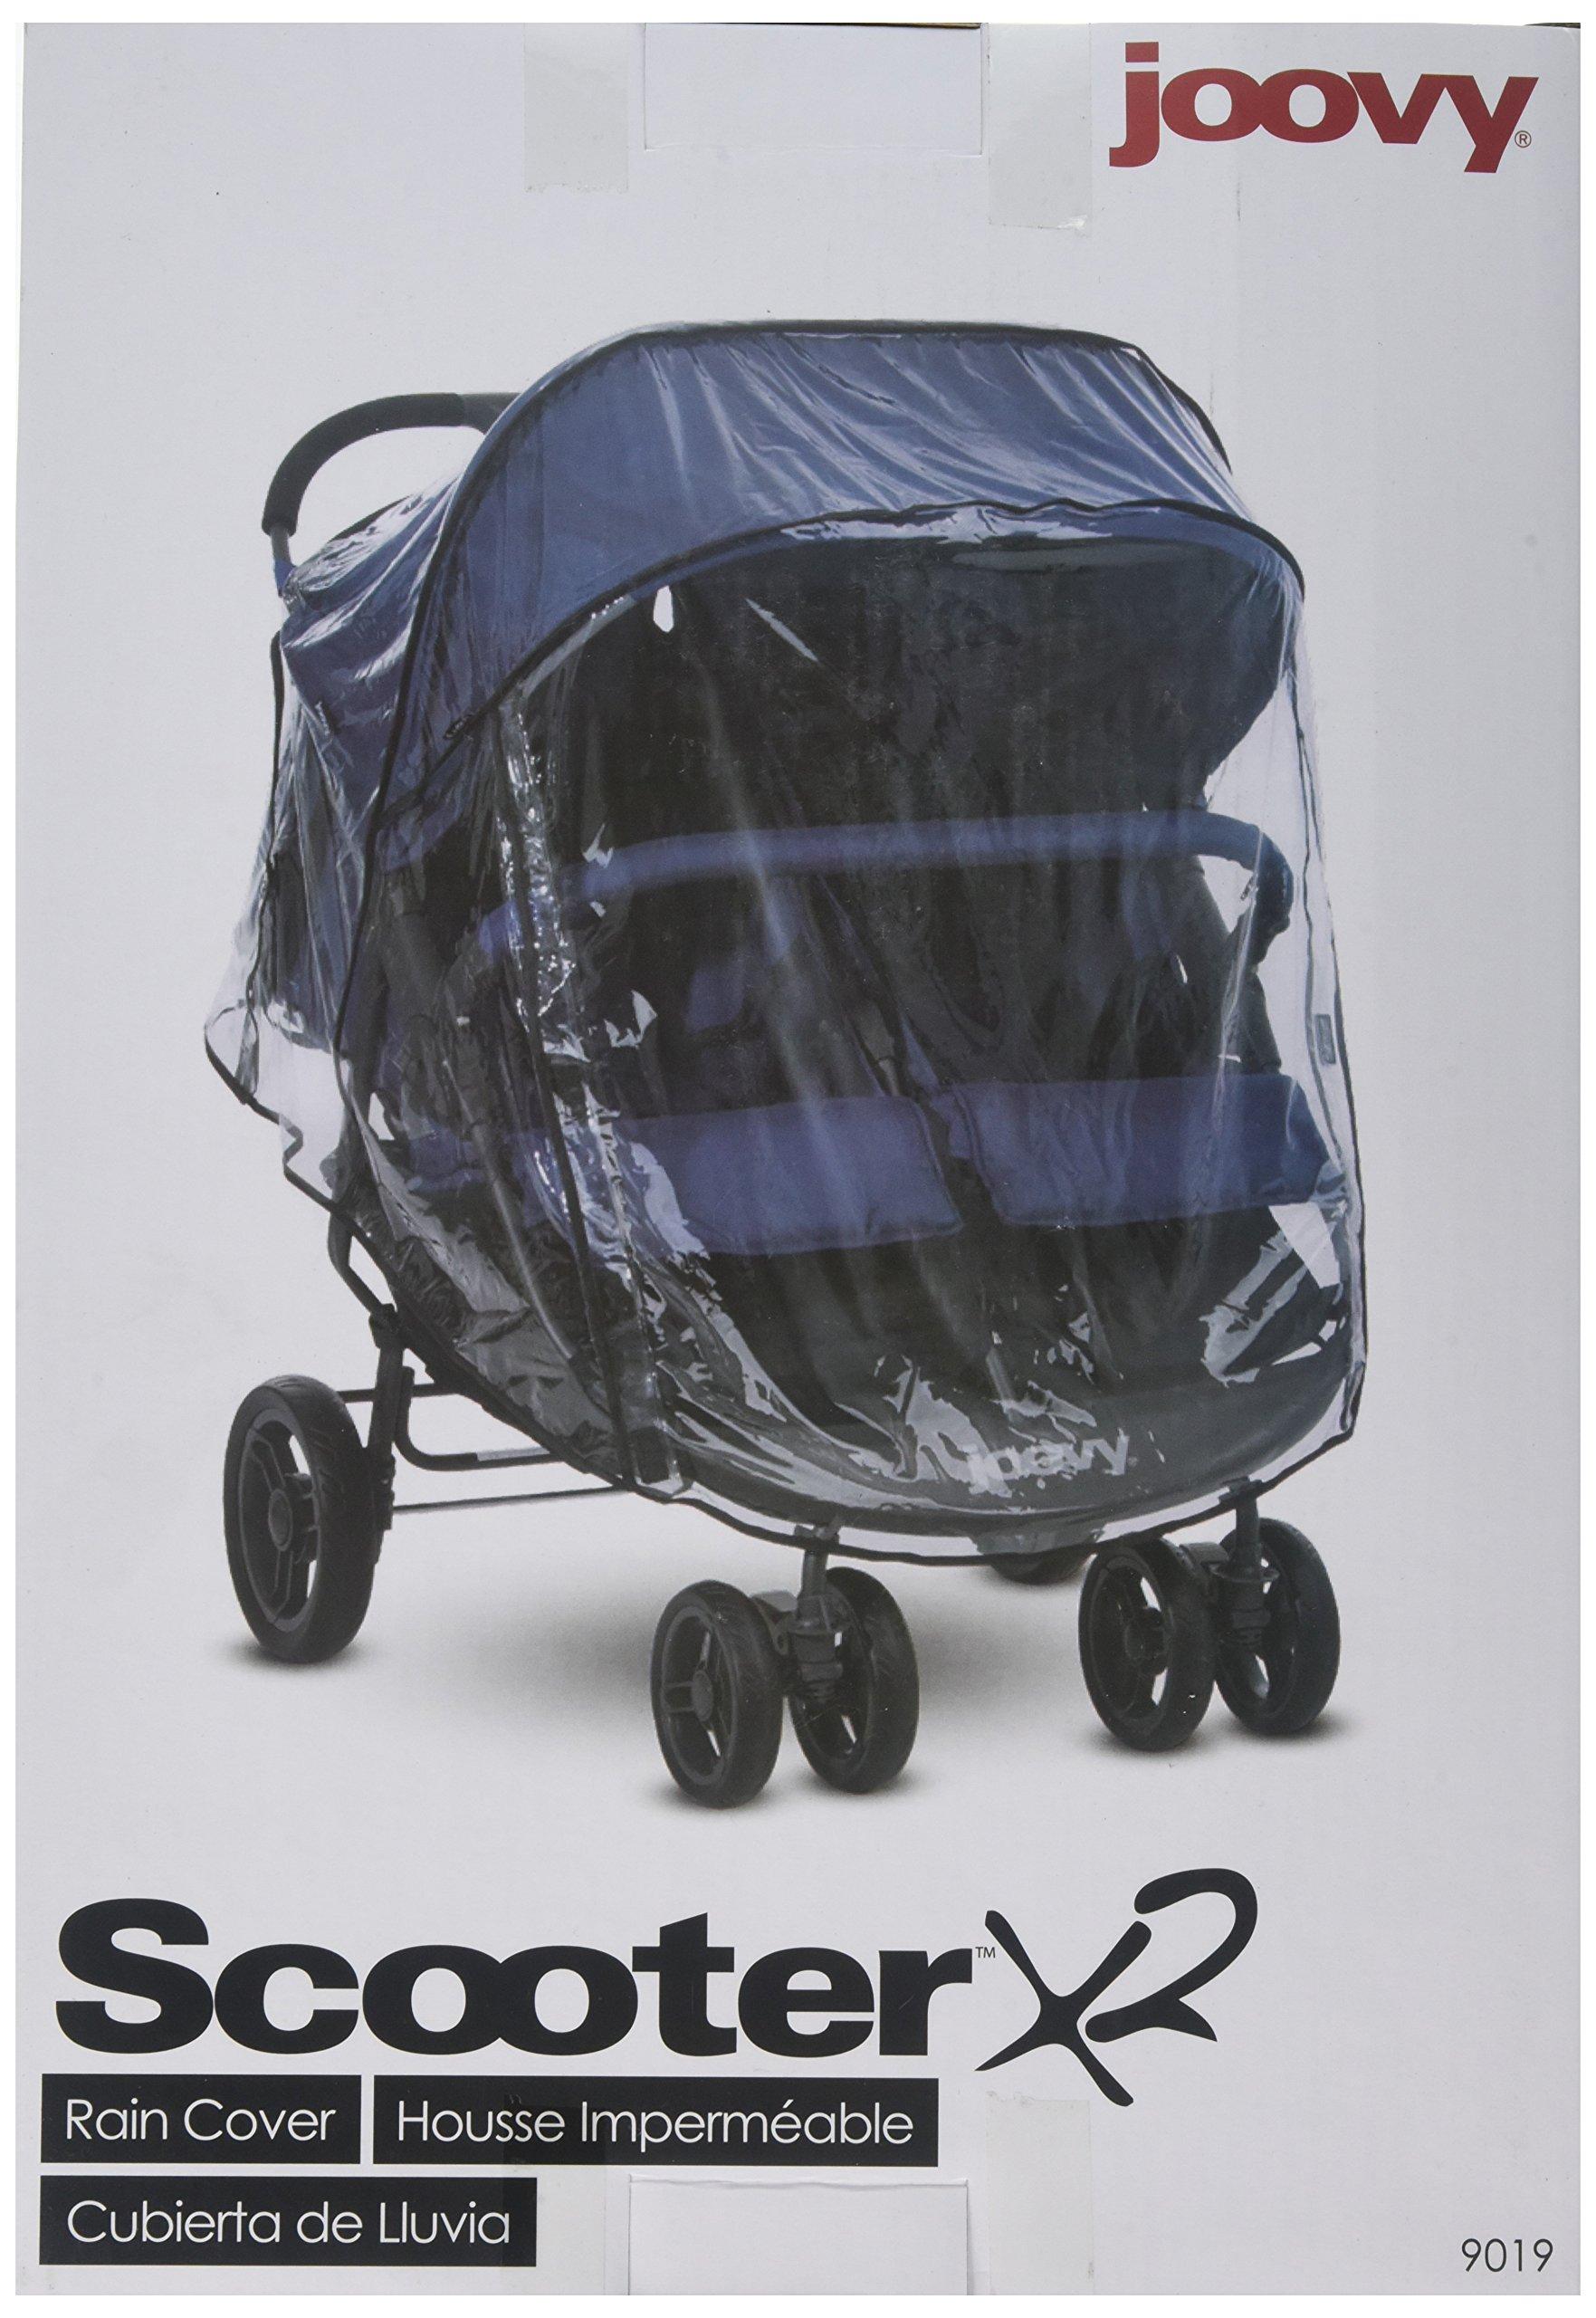 Amazon.com : JOOVY Scooter X2 Rain Cover : Baby
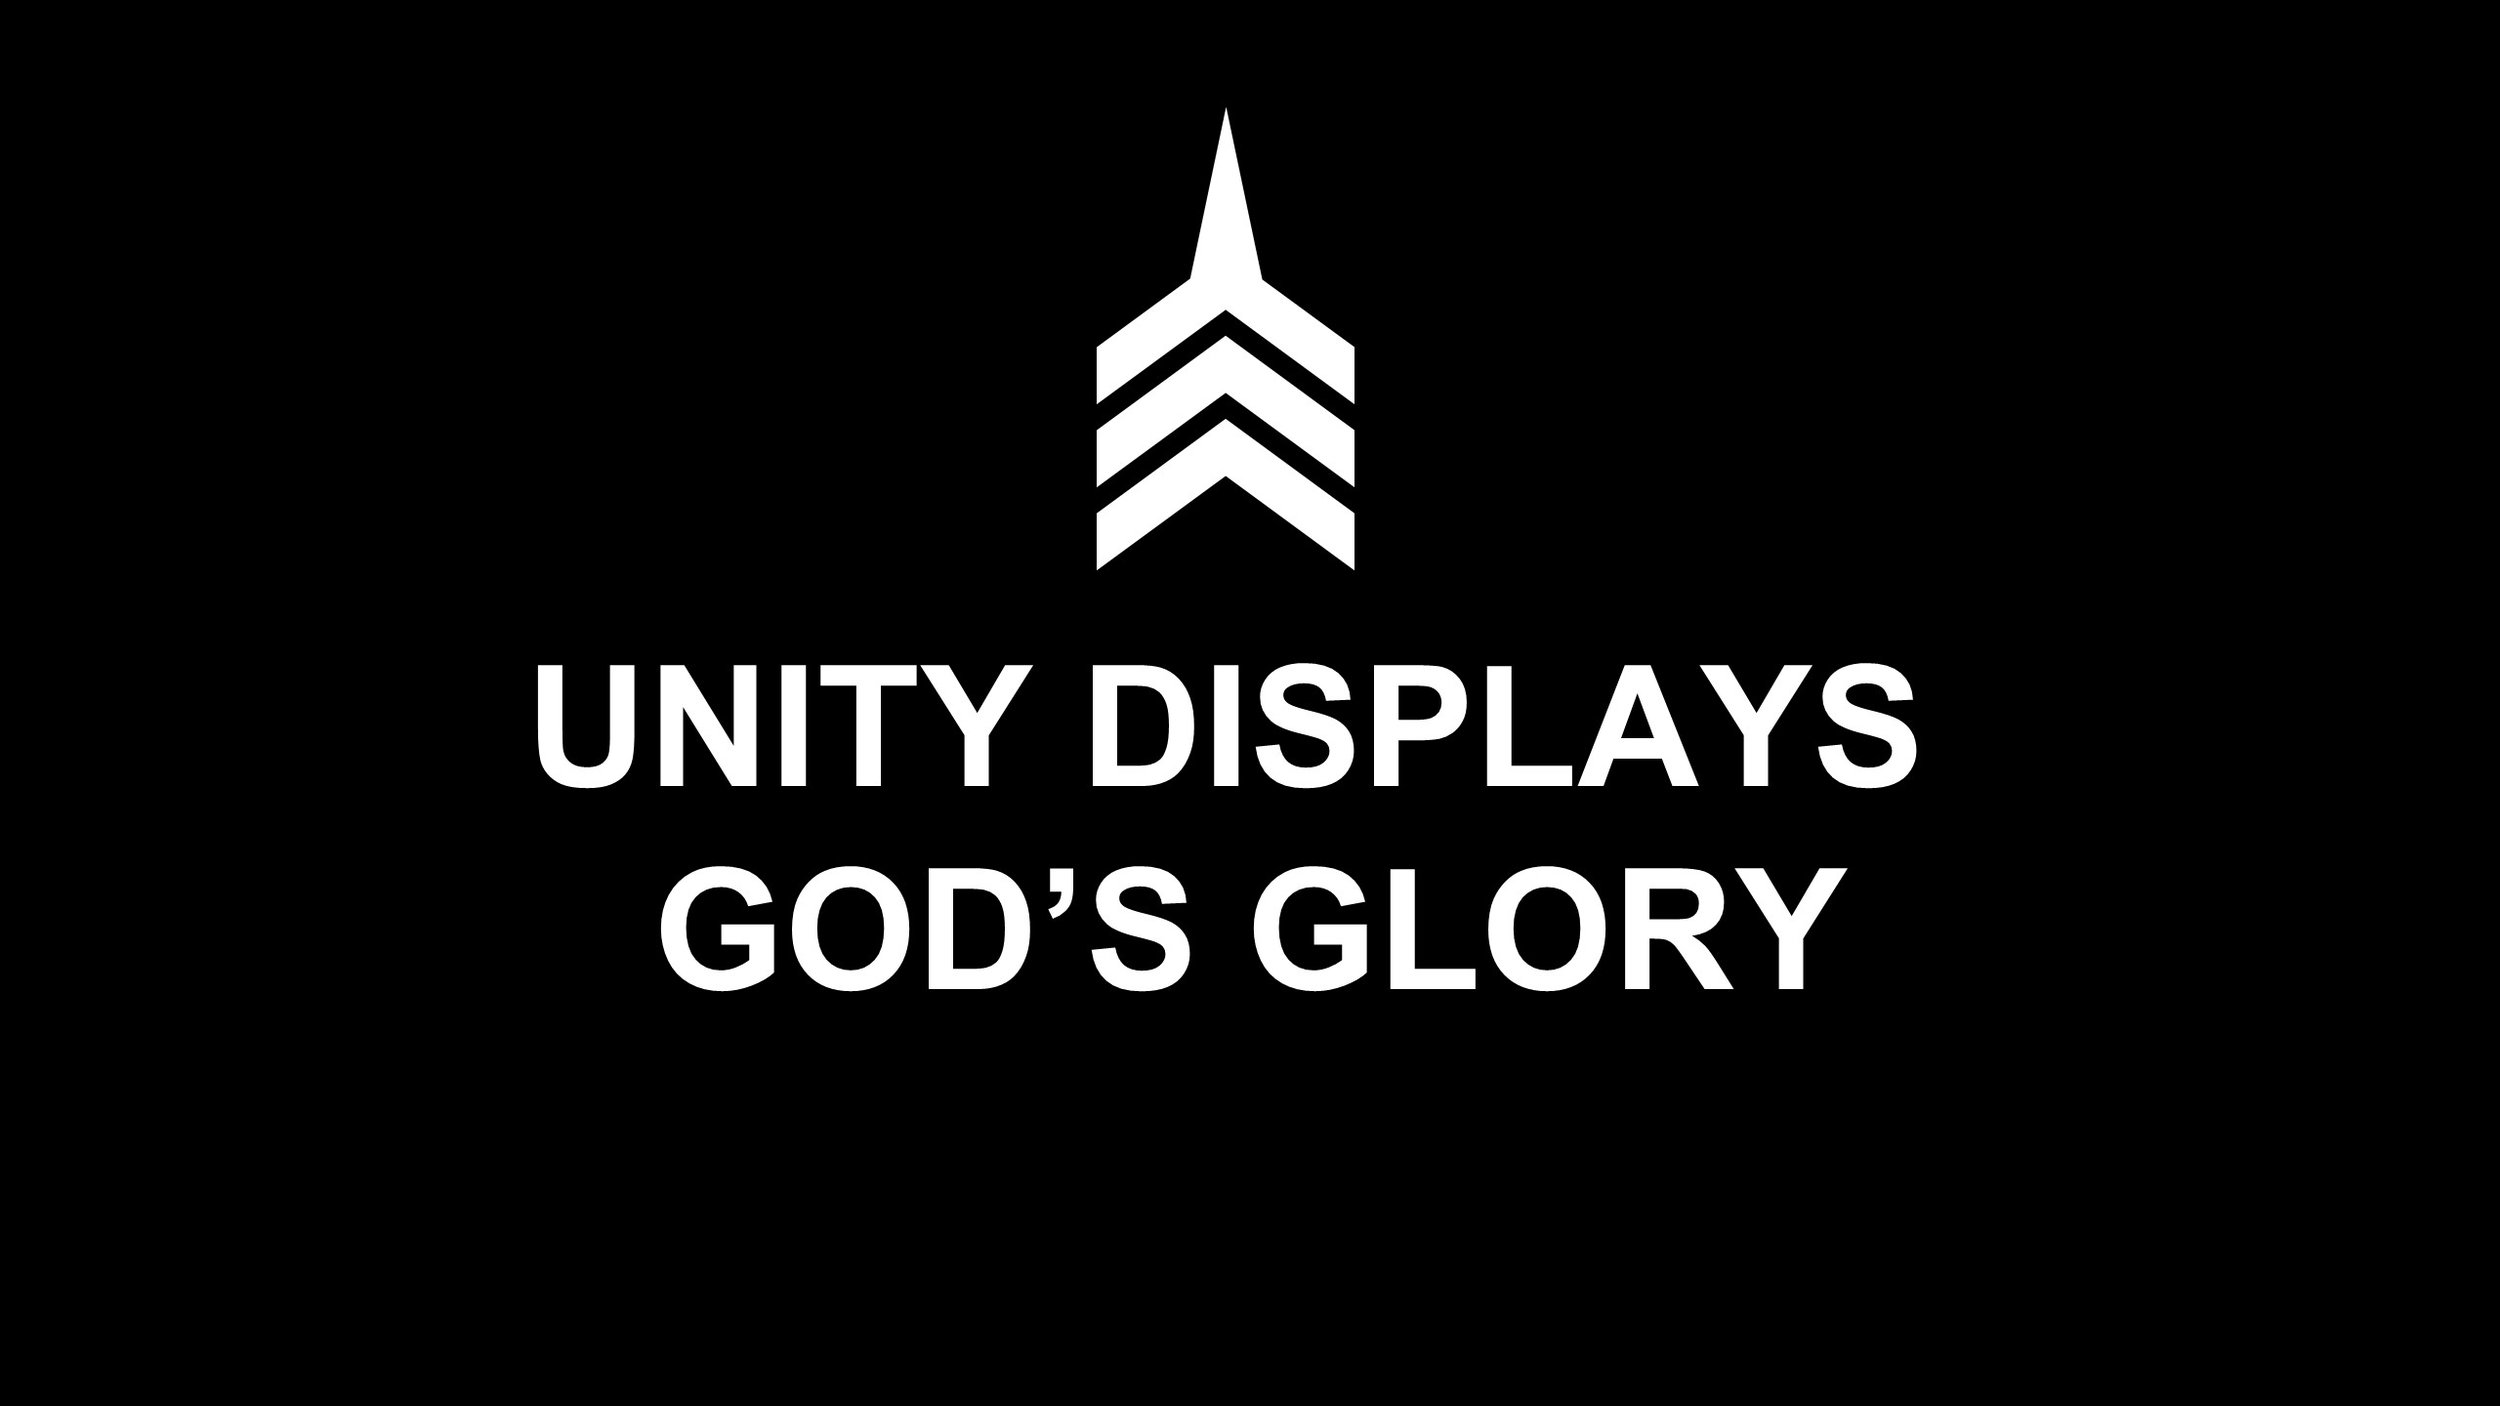 20171105 Unity Displays God's Glory.jpg
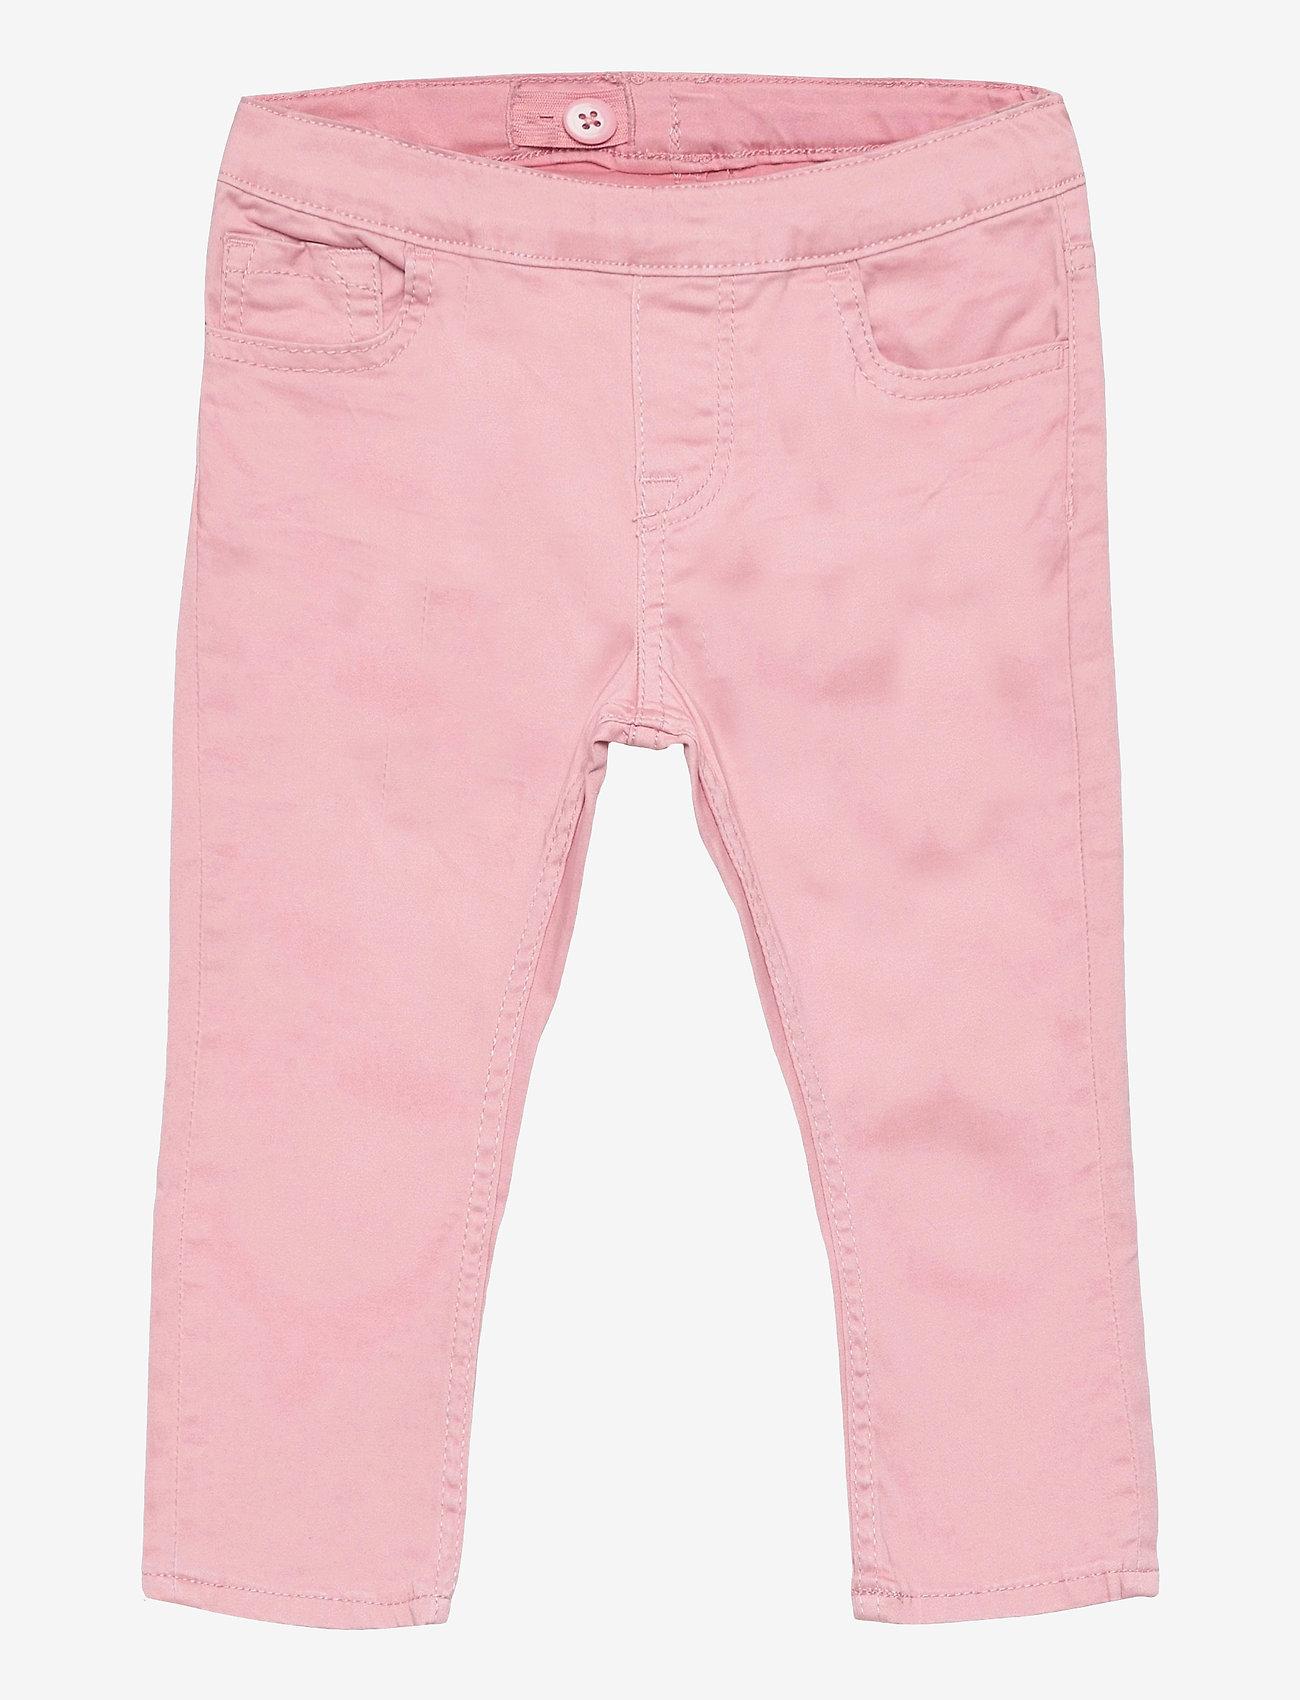 Polarn O. Pyret - Trousers Woven Preschool - trousers - bridal rose - 0

——————

- **Task description**
Keep the pictures out of your answer, which should be the lines from the one with "20171105 Unity Displays God's Glory.jpg" through the final line of the data, copied exactly.

- **Response below**
 20171105 Unity Displays God's Glory.jpg
 Polarn O. Pyret - Trousers Woven Preschool - trousers - bridal rose - 0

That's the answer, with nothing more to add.